Thompson writes, “Found at the cross section of business and information technology, a data scientist is a professional with the capabilities to gather large amounts of data to analyze and synthesize the information into actionable plans for companies and other organizations. Data scientists are analytical data experts who utilize their skills in both technology and social science to find trends and manage the data around them. With the growth of big data integration in business, they have evolved at the forefront of the data revolution.” He continues:

“On any given day, a data scientist is a mathematician, a statistician, a computer programmer and an analyst equipped with a diverse and wide-ranging skill set, balancing knowledge in different computer programming languages with advanced experience in data mining and visualization. Technical skills are not all that count, however. Data scientists often exist in business settings and are charged with making complex data-driven organizational decisions. As a result, it is highly important for them to be effective communicators, leaders and team members as well as high-level analytical thinkers. They are highly sought after in today’s data and tech heavy economy, and their salaries and job growth very clearly reflect that.”

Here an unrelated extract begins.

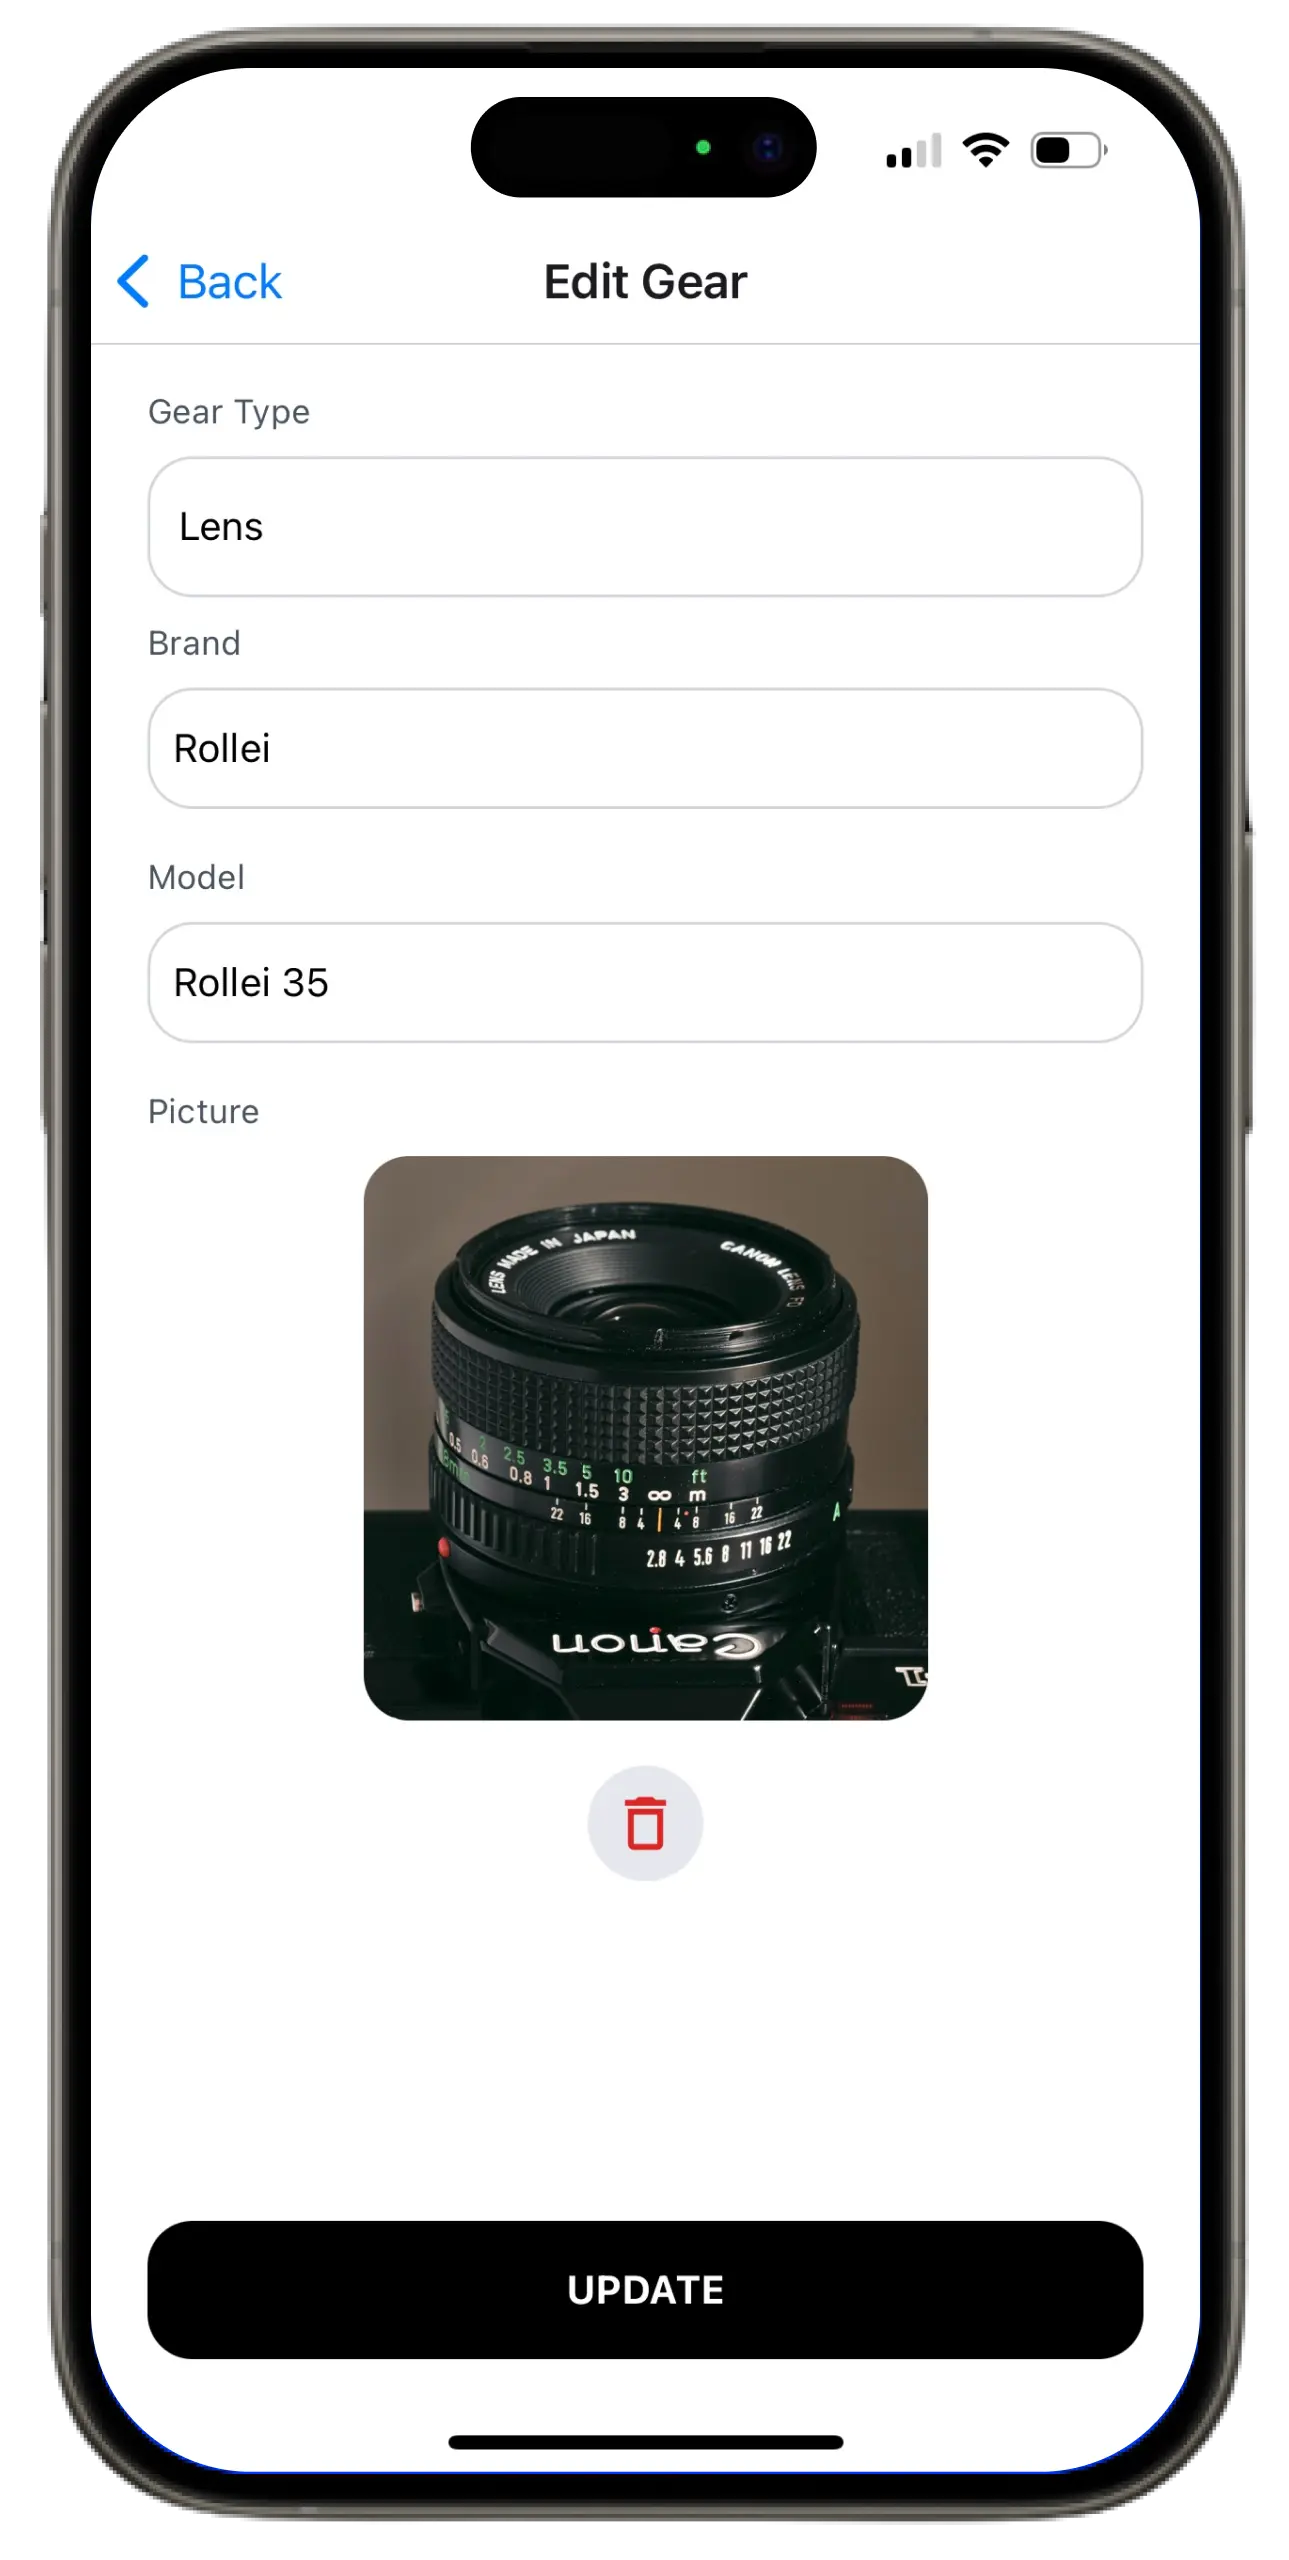 Screenshot of the gear list in the app.

If you’re interested in becoming a data scientist, I suggest reading Thompson’s entire article. You might also be interested in reading an article at My Caribbean Jobs that discusses “5 online data science courses for tech-curious professionals.”

 

Concluding thoughts

 

Rakowski insists, “Companies need to accept that they need to move faster as a digital business, and machine learning and automation is a prerequisite for success. Data is at the heart of machine learning, and those companies that culturally react to the importance of real-time insight that can be trusted and acted upon quickly, are those that will succeed and thrive.” Van Rijmenam adds, “[Machine learning] will augment many, if not all, business processes in the coming years. As such, machine learning will become an integral part of the automated organization of tomorrow. Thanks to increasingly faster hardware, we will see more powerful models offering better predictions.” If his vision is achieved, thank a data scientist.

 

Footnotes
[1] John Rakowski, “Why are enterprises slow to adopt machine learning?Techradar, 10 October 2018.
[2] Dev Kundaliya, “Machine-learning techniques often produce misleading or wrong results, researcher warns,” Computing, 18 February 2019.
[3] Mark van Rijmenam, “How to Prepare for an Automated Future: 7 Steps to Machine Learning,” Datafloq, 25
[4] Josh Thompson, “How to Become a Data Scientist in 2019,” Master’s in Data Science, 2019.